Hello,
I just started using mothur a month ago, and the wiki and forum have been very useful resources as I learn my way around, so thanks all for maintaining those.
As background, I’m running mothur on an 8-processor Mac with OS 10.6 and 18 GB of RAM and 60 GB of swap memory on a SSD. I’m following the example presented in the Costello stool analysis to analyze environmental bacterial 454 sequences, and have a 0.25 distance matrix of 45,000 sequences. Since the file is 9.7 GB and hcluster is read/write intensive, I moved the matrix file onto the SSD and started hcluster; however, after 4 days it didn’t yield any output. Then since I had available RAM and swap memory, and no success with hcluster, I tried using the cluster command (average neighbor, 0.03 cutoff). Reading it into memory and doing the clustering procedure took up 16 GB of RAM plus 26 GB of swap memory; I started this Wednesday and terminated it today (run time of 5 days) because it didn’t progress any further after finishing the ‘unique’ on day 1. The commands for those procedures are below. My questions are:
1). We decided to use the SSD to minimize read/write time, so we allocated 60GB of swap memory on it. It is working as swap memory, except it didn’t seem to help the 18GB of RAM with clustering. Would this swap memory have been able to ‘trick’ mothur into thinking I had more RAM?
2). Though the file size is almost 10 GB, I have enough RAM available to read it into memory. Do you know why neither cluster nor hcluster worked? Or should I have given either/both more time?
3). Using a 0.10 distance matrix was a smaller file size but changed my cutoff. Should I try making a 0.15 or 0.20 distance matrix, to get the final clustering cutoff of 0.03?
Thanks and cheers,
Sharon
mothur > dist.seqs(fasta=B.1233.fasta, cutoff=0.10, processors=8)
…
Output File Name:
B.1233.dist
It took 2042 to calculate the distances for 44529 sequences.
I changed the filename to B.1233.10.dist.
mothur > read.dist(column=B.1233.10.dist, name=B.1233.names)
********************###########
Reading matrix: |||||||||||||||||||||||||||||||||||||||||||||||||||
It took 607 secs to read
mothur > cluster(method=average, cutoff=0.03)
changed cutoff to 0.0212287
Output File Names:
B.1233.10.an.sabund
B.1233.10.an.rabund
B.1233.10.an.list
It took 71663 seconds to cluster
I tried with a 0.25 distance matrix.
mothur > dist.seqs(fasta=B.1233.fasta, cutoff=0.25, processors=8)
…
Output File Name:
B.1233.dist
It took 2589 to calculate the distances for 44529 sequences.
I changed the filename to B.1233.25.dist.

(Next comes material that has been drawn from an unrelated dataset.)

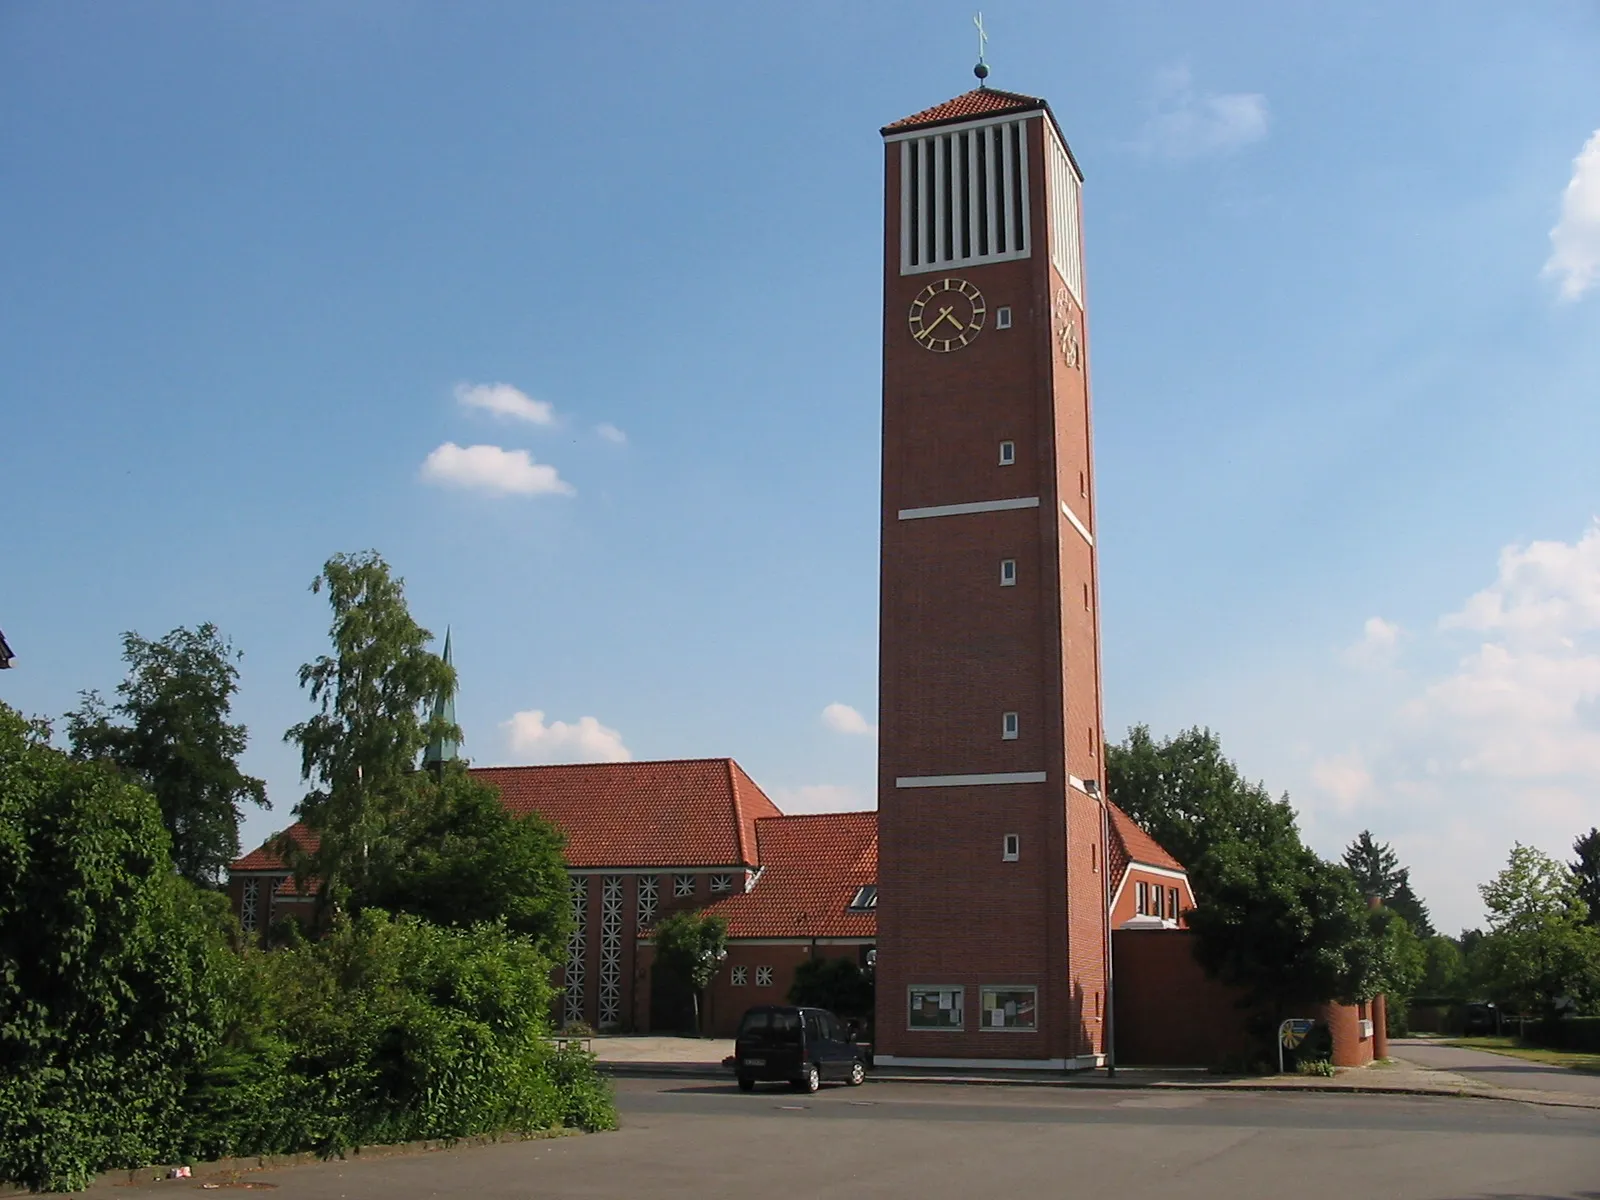 Photo showing: The church "Christuskirche Westercelle" was built 1962 and you can find it in a part of the city Celle/Germany named Westercelle.

hcluster(column=B.1233.25.dist, name=B.1233.names, method=average, cutoff=0.03)
With no progress after 4 days, I terminated the command and changed tactics.
mothur > read.dist(column=B.1233.25.dist, name=B.1233.names)
********************###########
Reading matrix: |||||||||||||||||||||||||||||||||||||||||||||||||||
It took 1311 secs to read
mothur > cluster(method=average, cutoff=0.03)
quitting command…
With no progress after 5 days, I terminated the command.